Einer der beiden soll zudem ein paar Tage zuvor an einer Attacke auf ein Ehepaar beteiligt gewesen sein. Die 14, 15 und 17 Jahre alten Syrer hatten an einem Einkaufszentrum von einem Ehepaar den Vortritt und von der 43 Jahre alten Frau Respekt gefordert. Sie lehnte ab, dann griffen die Jugendlichen den Mann an, einer zückte ein Messer. Ein Passant schritt ein. Teils waren die Täter der Polizei bereits wegen andere Gewaltdelikte aufgefallen.
Innenminister Schröter sprach von beschämenden Vorfällen, die Konsequenzen haben müssten. „Hier findet bei mir jede Toleranz ein Ende. Alles andere kann und werde ich keinem Bürger in Cottbus erklären“, sagte Schröter. Selbst wenn es Einzelfälle sind – die Stimmung in der Stadt ist vergiftet. Die „Lausitzer Rundschau“ veröffentliche am Freitag eine Reihe von Leserbriefen. „So kann es nicht weitergehen“, stand da.
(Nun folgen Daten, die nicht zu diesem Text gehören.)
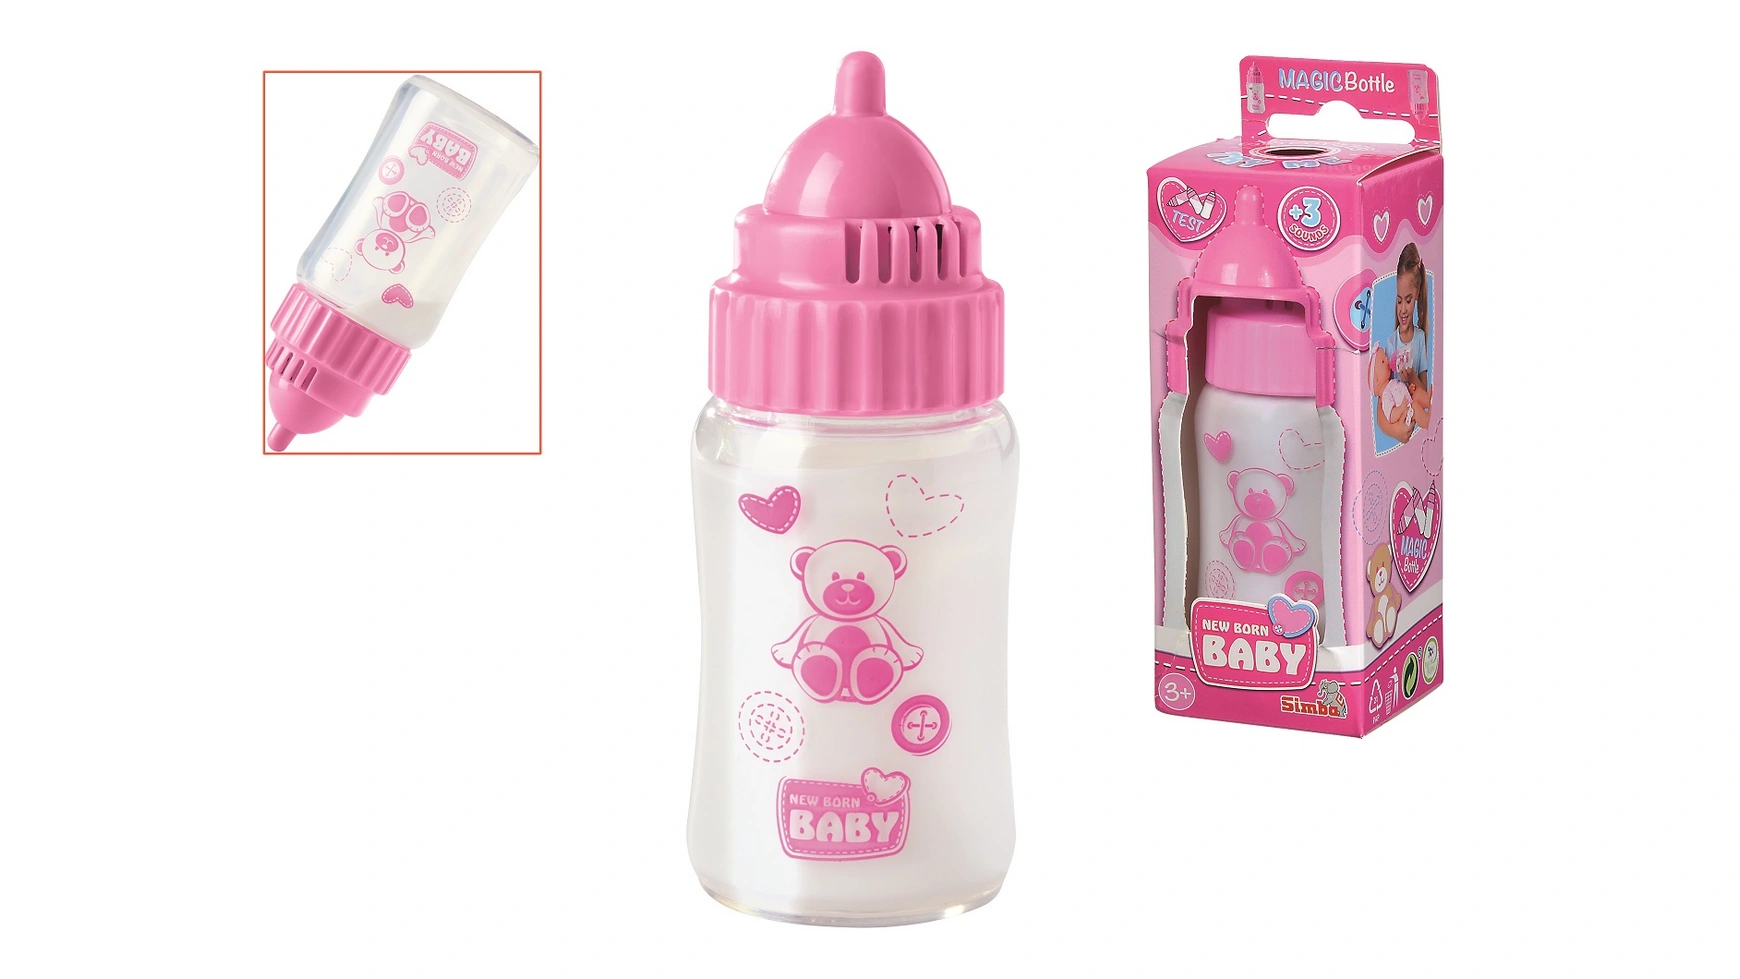 цена Новорожденный ребенок волшебная молочная бутылочка со звуком, молочная бутылочка с исчезающим молоком, 3 детских звука, 13см Simba
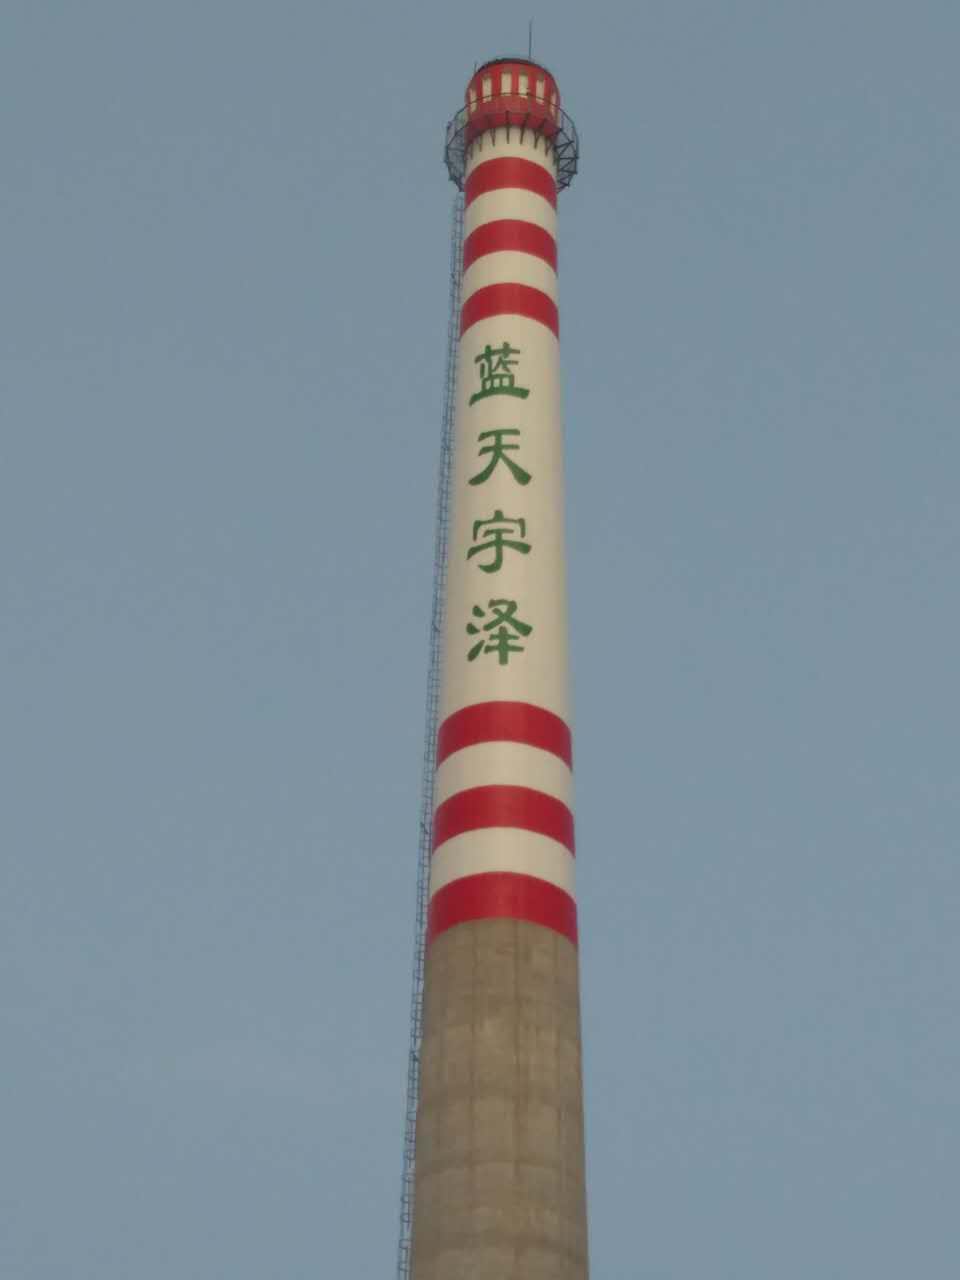 滨州烟囱制作安装检查平台公司富强民主

Oder „Recht auf eine sichere Heimat“, „Problemasylant“. Mehr als 3000 Flüchtlinge gibt es in Cottbus – bei etwas mehr als 100 000 Einwohnern. Zu der Stimmung passt ein anderer Fall. Die Messerattacke vom Mittwoch ist durch ein Bild bei Facebook öffentlich geworden. Eine Polizist postete interne Daten. Das ist Geheimnisverrat. Nun läuft gegen ihn ein Disziplinarverfahren.
Innenminister Schröter hat nun die Polizei in Cottbus aufgestockt. Es soll mehr Streifen und Zivilfahnder geben. Das Rathaus schickt Ordnungsamtmitarbeiter hinaus, mehr Sozialarbeiter an die Schulen. Die CDU im Landtag forderte, die Landesregierung müsse die Wohnsitzauflage für Asylbewerber wieder einführen und Städte wie Cottbus finanziell besser ausstatten. Der Landtagsabgeordnete Michael Schierack sagte: „Cottbus ist durch die überproportionale Aufnahme von Flüchtlingen längst an seine Grenzen gestoßen. Gebraucht werden Wohnungen, Sozialarbeiter und Betreuer.“
Ivana Domazet vom Flüchtlingsrat Brandenburg vermisst vom Innenminister klare Worte zur rechten Gewalt. Cottbus sei in den vergangenen Jahren ein Hotspot rechter Strukturen und Angriffe auf Geflüchtete gewesen. Der Verein Opferperspektive spricht sogar von enthemmter rassistischer Gewalt. Schröter blende dies völlig aus und fische am rechten Rand, sagte Domazet. Auch Flüchtlinge seien Bürger in Cottbus, „deren Sicherheit dort immer wieder gefährdet“ sei.